-- Stored data follows --

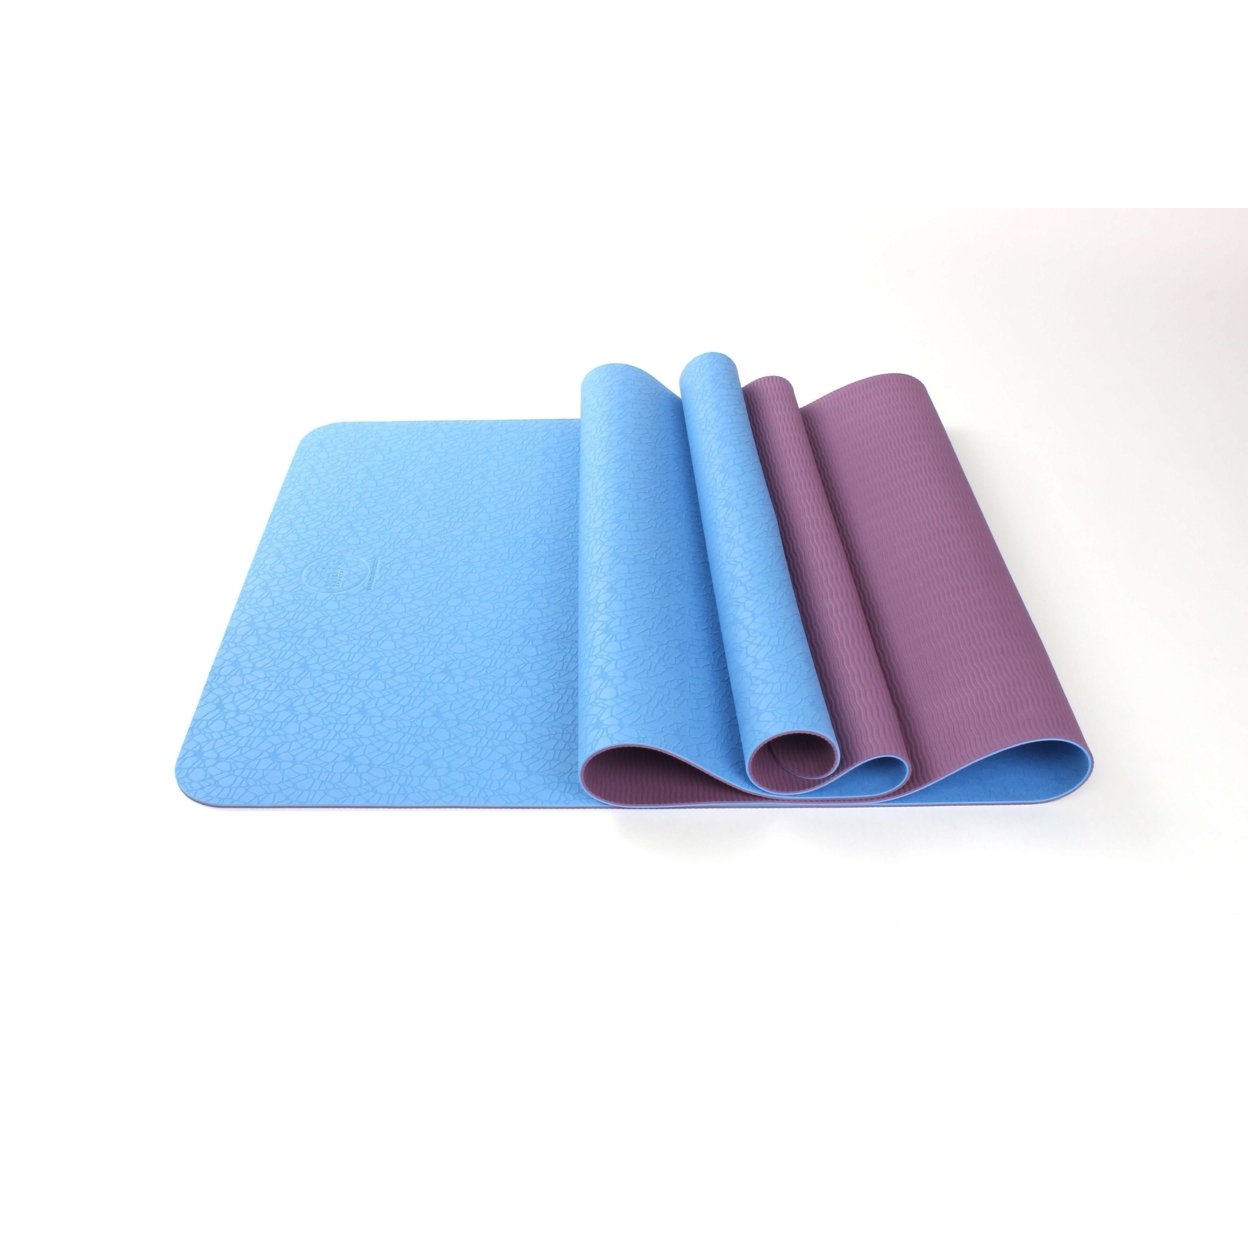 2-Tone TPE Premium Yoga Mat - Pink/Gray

-- Stored data concluded --
-- Stored data follows --

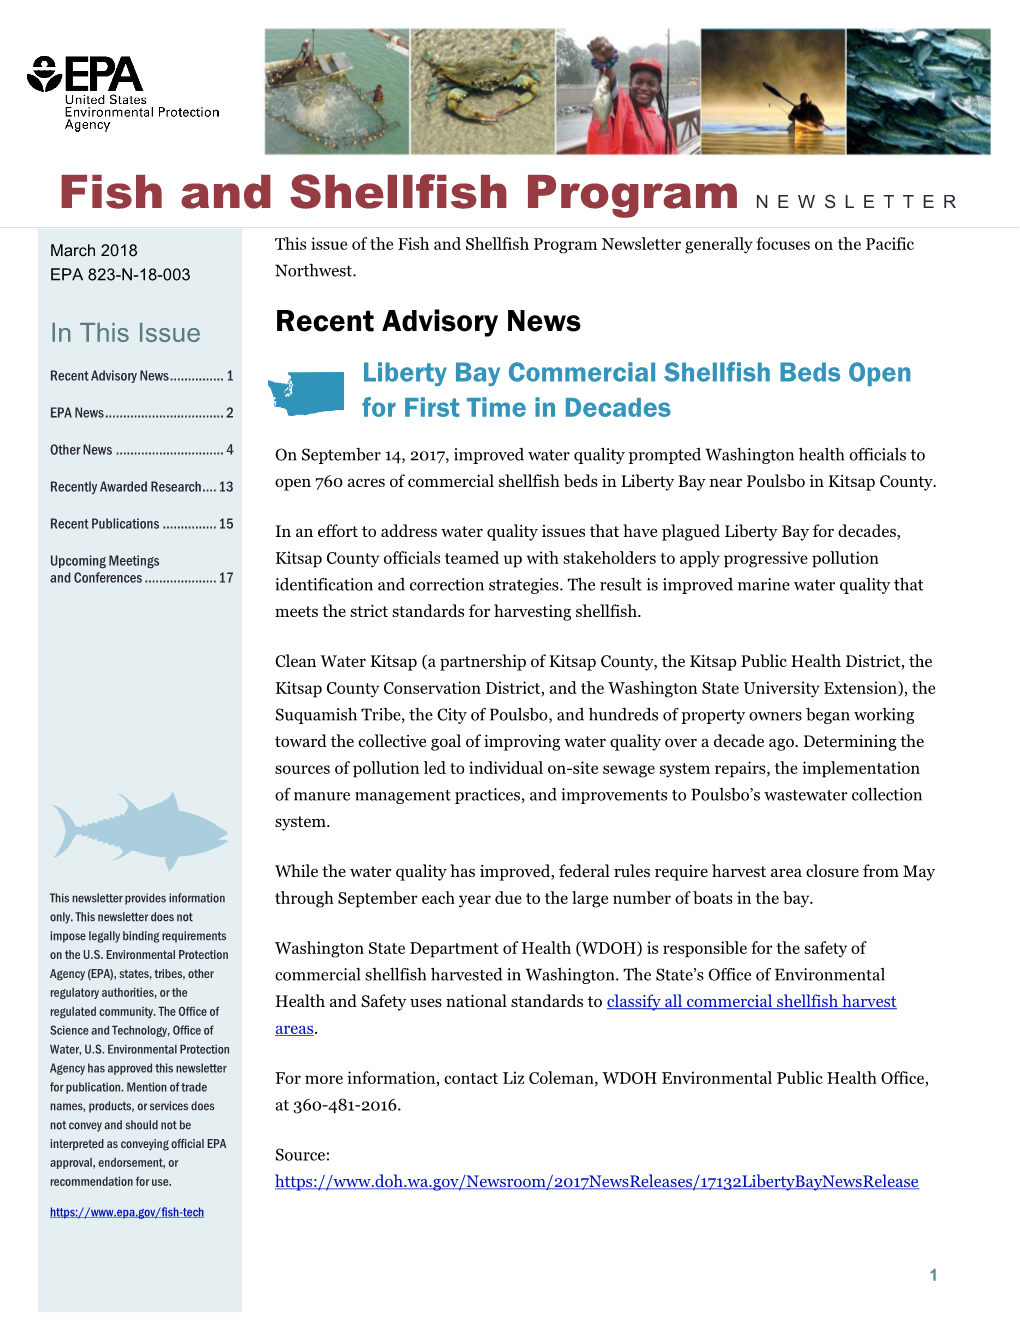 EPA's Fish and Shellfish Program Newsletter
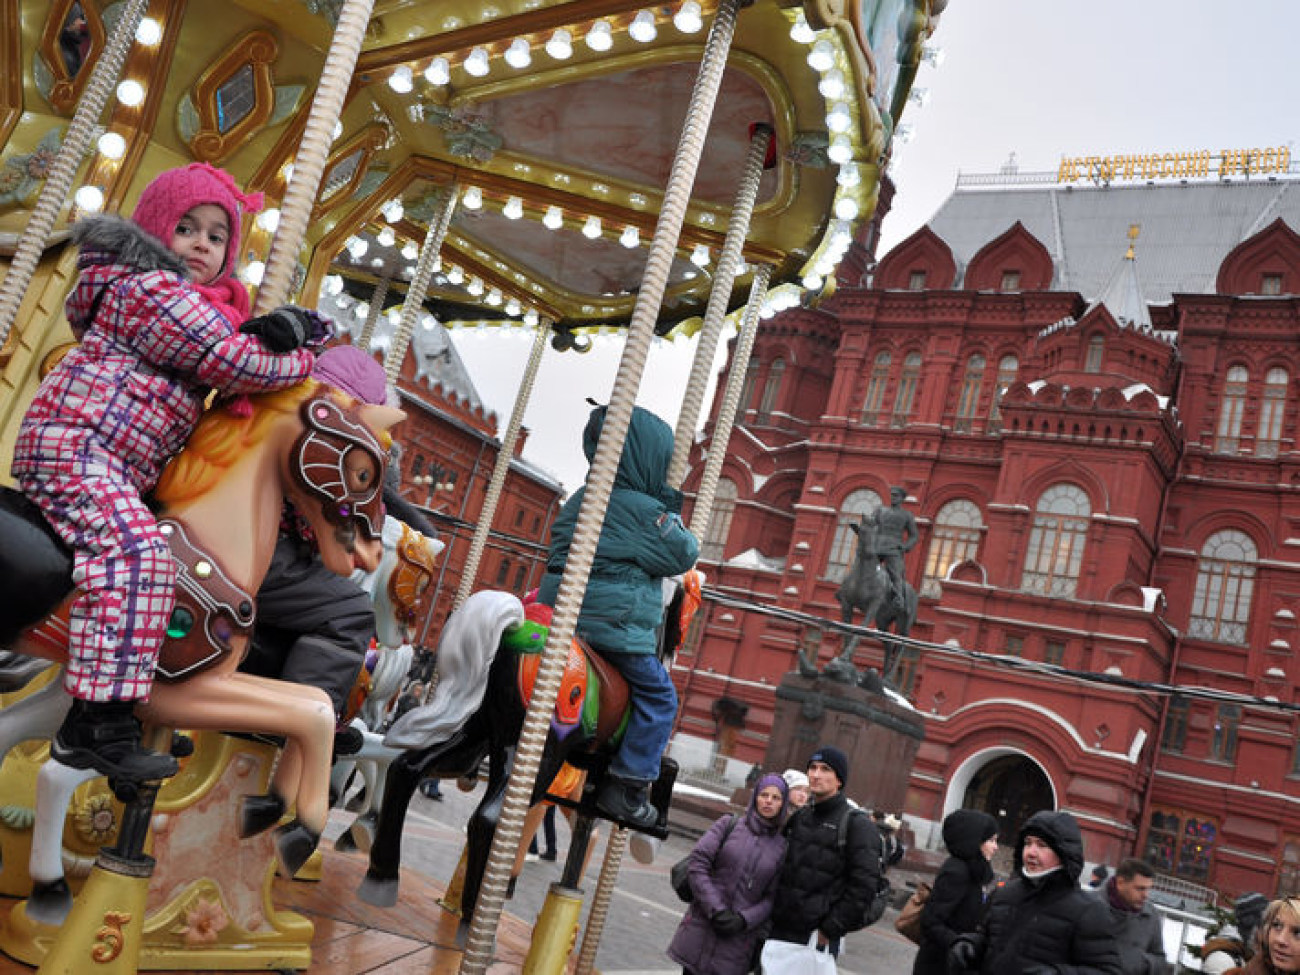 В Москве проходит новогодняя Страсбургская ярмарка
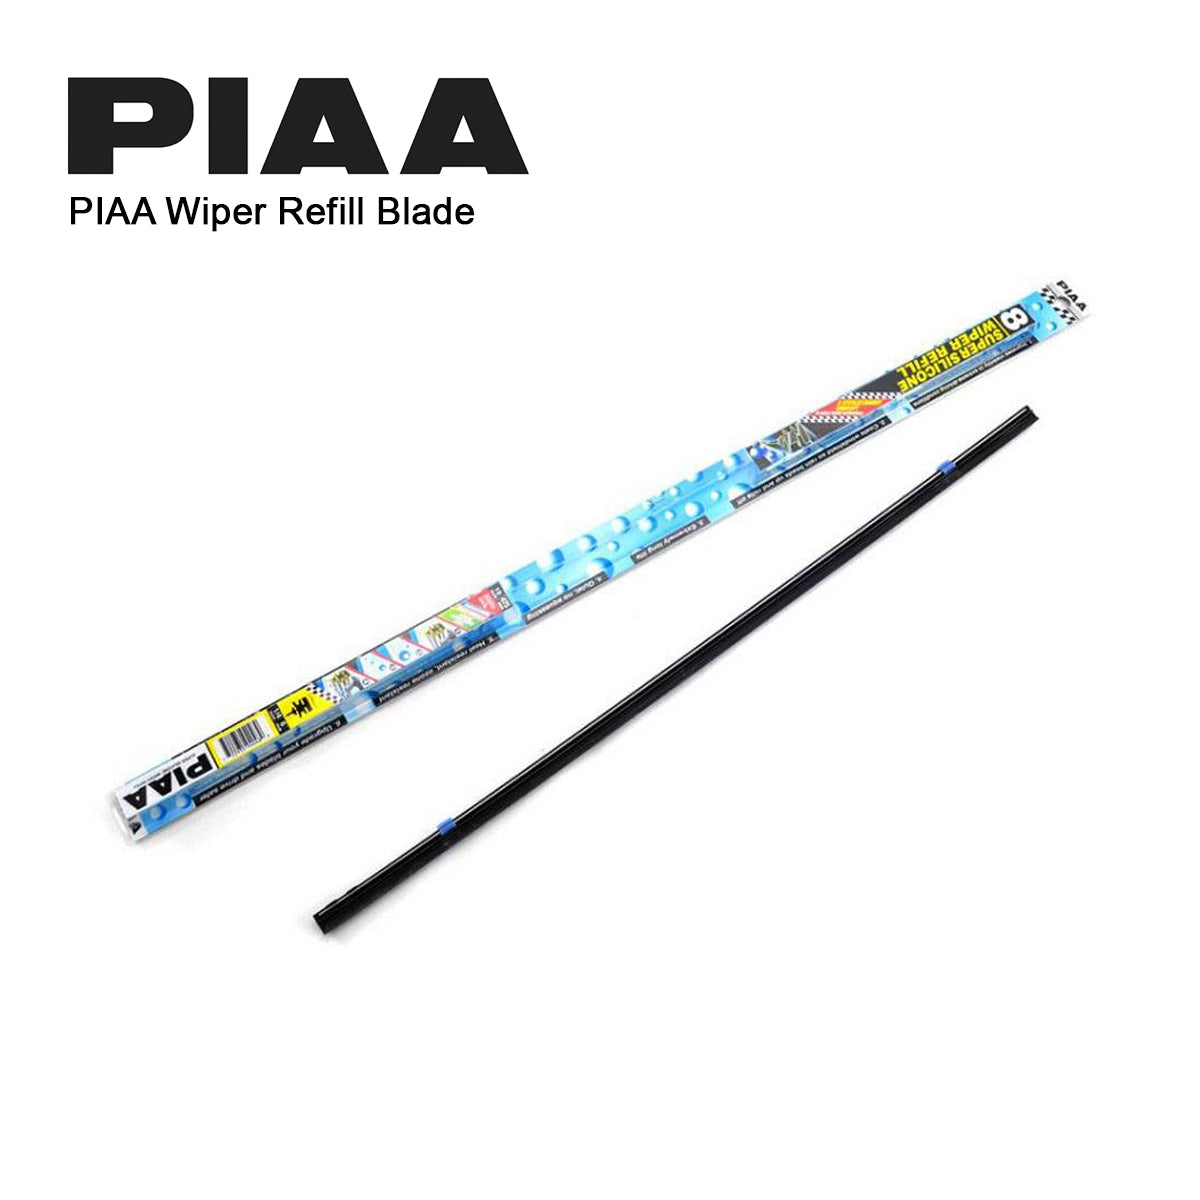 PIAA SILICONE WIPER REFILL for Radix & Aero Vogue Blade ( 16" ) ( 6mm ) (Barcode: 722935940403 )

-- Stored data concluded --

What is being asked: Your reply should consist solely of the lines above from the line containing "В Москве проходит" up to and including the line containing "PIAA SILICONE WIPER", reproduced exactly, minus the pictures.

Answer space:
 В Москве проходит новогодняя Страсбургская ярмарка
 PIAA SILICONE WIPER REFILL for Radix & Aero Vogue Blade ( 16" ) ( 6mm ) (Barcode: 722935940403 )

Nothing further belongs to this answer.